One common paging problem is certain styles in the HTML caused large unbreakable ranges unintentionally. Consider the following paragraph of text:

HTML
<p style="font-size:20px;line-height:15px;">
A long paragraph that contains many lines....
</p>

Normally each line of a paragraph would form a single unbreakable range, thus the converter will fill as many lines as possible in the current page, and when there is no room left on the current page for more lines, it advances to the next page and starts to position lines on the next page. However because the line-height for the above text is smaller than font size, so the area occupied by each text line would overlap with adjacent lines. This will cause their unbreakable ranges to combine into a single range that covers the whole paragraph. When this happens, the paragraph will not be divided into multiple pages.

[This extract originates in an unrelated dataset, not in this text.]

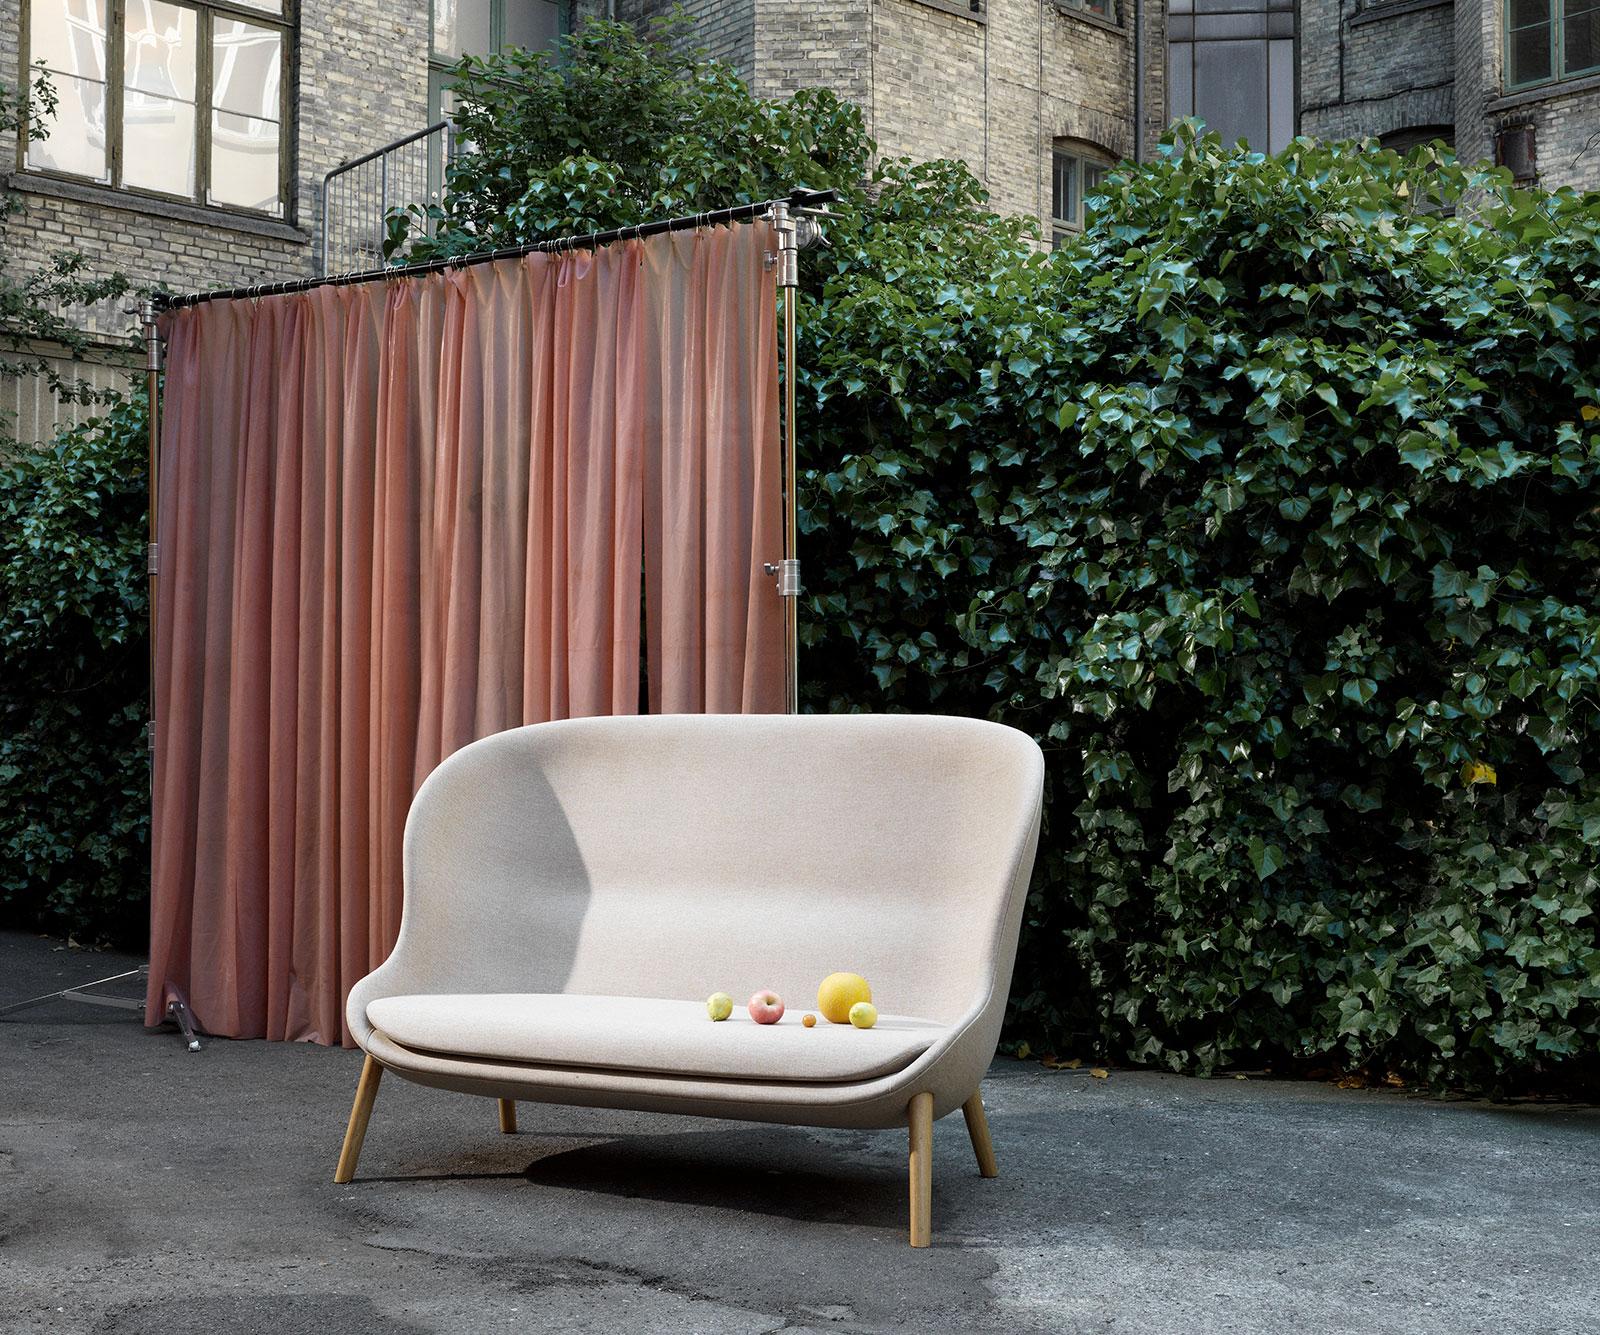 norman copenhagen hug lounge chair living scandinavian home.jpg
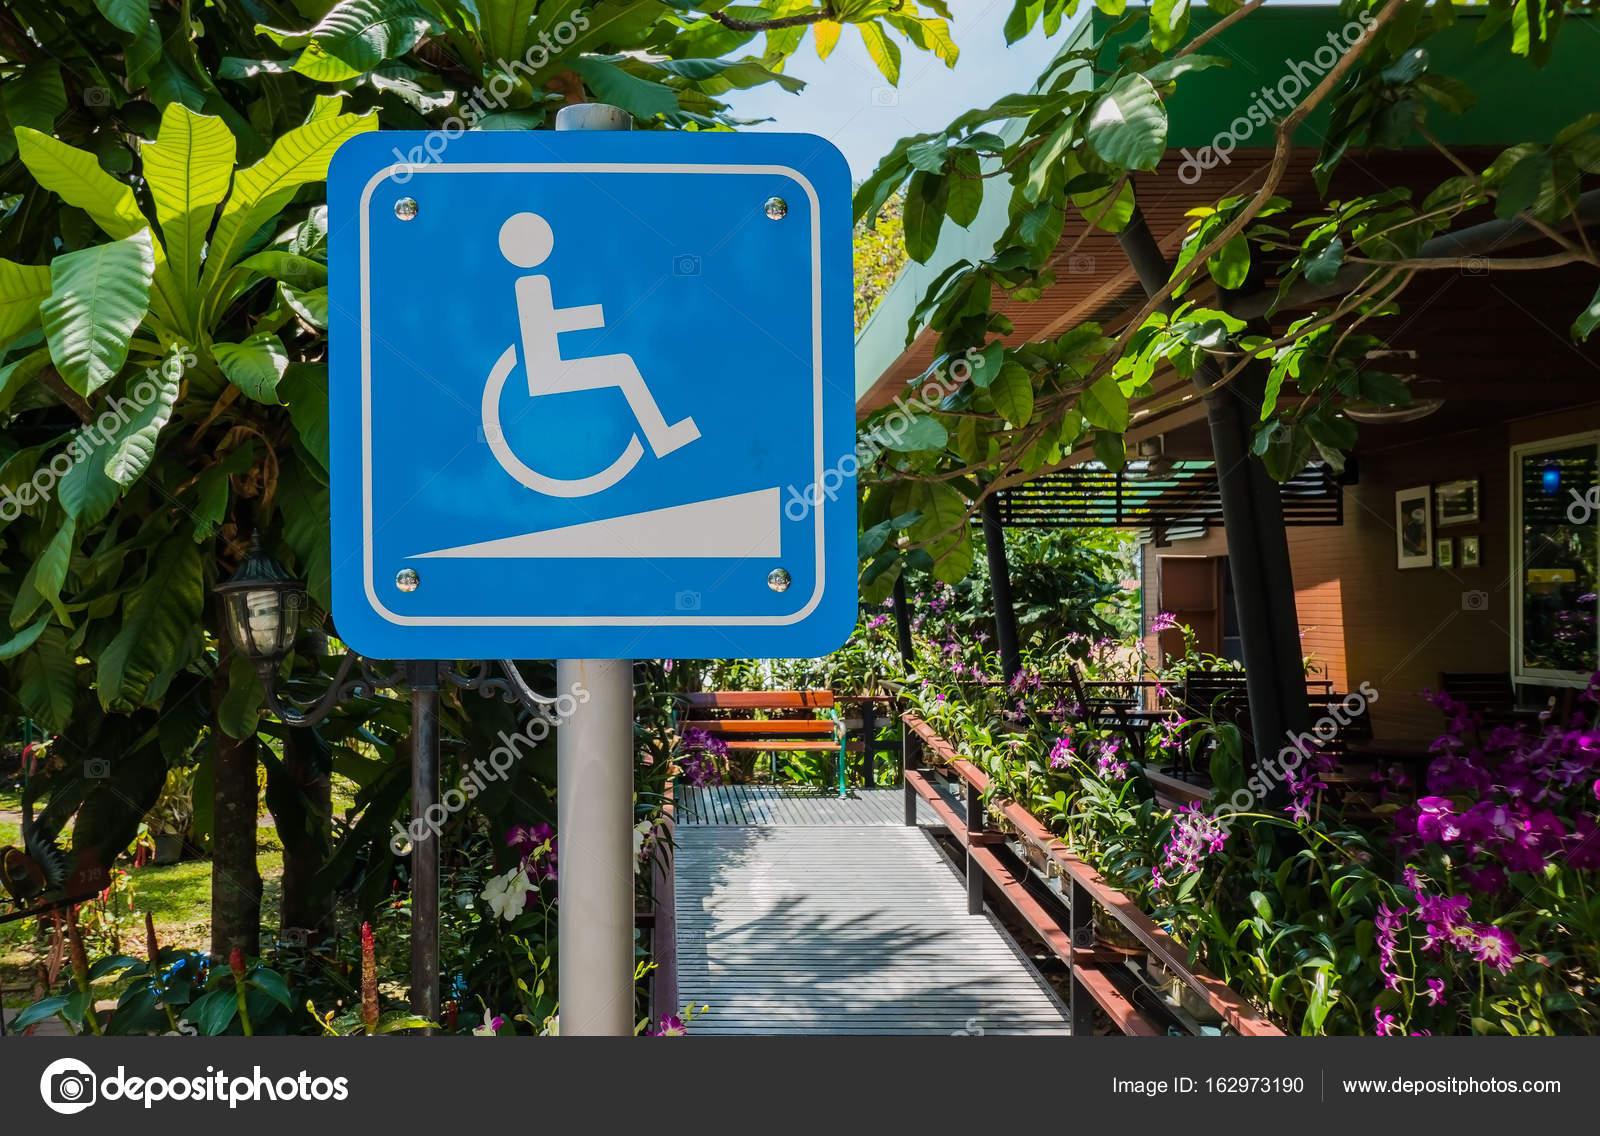 White and blue handicap symbol car parking of disabled special white and blue handicap symbol car parking of disabled special parking places for disable buycottarizona

When the converter encounters a large unbreakable range, it will always try to fit as much as possible. This means if the current page has less space available, the converter will try to start a new page in the hope that the new page will have more available space. This can cause undesired result. For example, it's common that a document reserves some extra white space before the first paragraph on the first page. If there is a large unbreakable range at the beginning of the document, the converter may move the whole block to the second page and leave a completely blank first page since the second page does not have the extra white space thus has more available space.

In all cases, when the converter encounters an unbreakable range that is larger than the page height, the contents will overflow to the footer area of the page until it's being cut off the page boundary. In this case contents that overflows to the footer area may overlaps with the footer, and contents beyond the page boundary will not be visible. To avoid such issues, examine both explicit page-break-inside:avoid CSS attribute and implicitly situations such as overlapping text lines.